Home Buyers

When Should I Buy a House?

I was recently asked by a member of the media: When is it a good time to buy a house? This is what I told them:

Buying a home is usually the largest purchase one makes in their lifetime. Fear will exist, no matter what. If you have an opportunity to buy something, then GRAB IT! Kicking the can down the road will only increase your worry and angst.

Most people who have been looking for homes for several months can tell you that they “regret not buying one of the homes they had been shown earlier in the process.” In life, there will always be something “bigger” and “nicer.” If you can make something work now and it checks the important boxes, go for it.

What are the pros and cons of buying a fixer-upper?
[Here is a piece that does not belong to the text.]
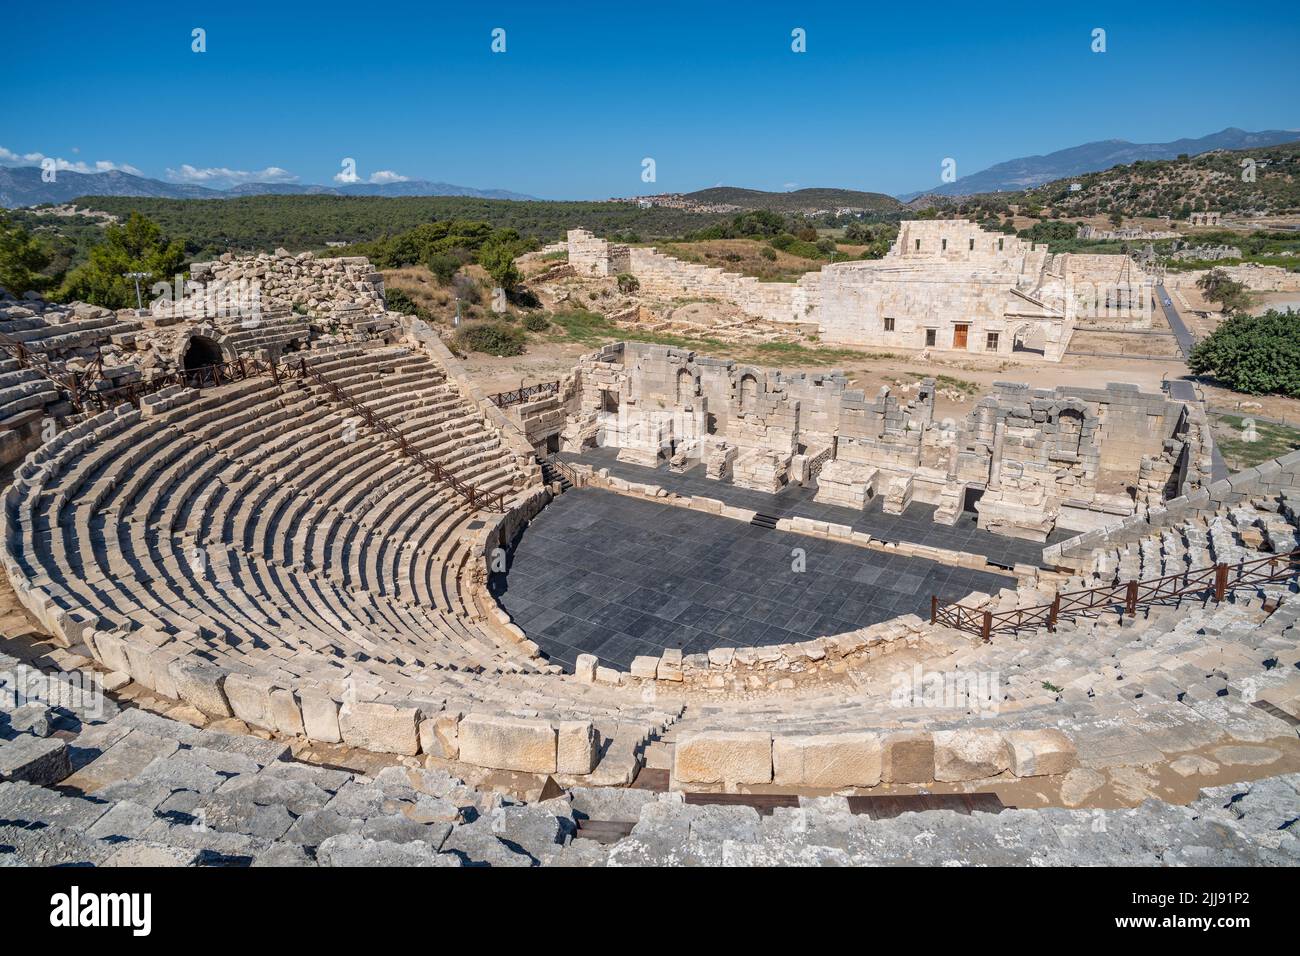 Antique Theatre in the ancient Lycian city of Patara, Turkey. Stock Photo

I was recently asked by a member of the media:  What are the pros and cons of buying a fixer-upper instead of a turnkey home?  This is what I told them:

These are the pros of buying a fixer-upper:

  • Taxes are less: Most residential property taxes are calculated using the most recent purchase price of a property. As a homeowner, you will pay less when buying a “handyman special” than, say, a freshly renovated, walk-in-ready home. Sometimes, if done properly, a homeowner can apply for energy-efficient tax credits when doing certain renovations which can help the bottom line as well. And finally, most of the money you do spend on the renovations can count towards your bottom line and can go towards your capital gains tax when it comes time to sell the home.
  • Flip potential: When purchasing the property, you should look around the area at similar homes to see what the other fixed-up ones are selling for. If executed properly, your home should be worth more than what you paid for it and spent in upgrades/renovations. As a general rule, try to stick to houses that only need cosmetic work, as opposed to structural. This will save you a whole lot of heartache and will make it easier for you to turn a potential profit.
  • Creativity: One of the best parts of buying a “handyman special” is that you can really make it your own. You can choose everything from start to finish. Depending on how much you decide to do, it can be anything from the color of the paint to the cabinets in the kitchen and beyond. When you buy a home that is all fixed up, you usually won’t have enough money to change anything, and usually will just settle with what’s there. Sure, you may like it, you may even like it a lot, but it’s not going to be exactly what you want.

And now, here are the cons of buying a fixer-upper:

  • Renovation costs: Prior to bidding on a property, try to calculate how much work the home will need, and how much this work is going to cost. If you have the time and the ability, it’s recommended to speak to at least three different contractors and get three separate itemized quotes. In addition, I would also suggest getting a separate quote for labor and materials. Always include a 20% cushion of the entire budget for unforeseen expenses.
  • Effort: Fixing up a house is a grueling and stressful process. Most remodels can take anywhere from 3-9 months. You need to be prepared for your living quarters to be a “war zone” for quite some time. If you’re not up to dealing with contractors yelling at you, nagging and nosy neighbors, and unforeseen leaks here and there, a brand new, fully cleaned up home may just be the thing you need.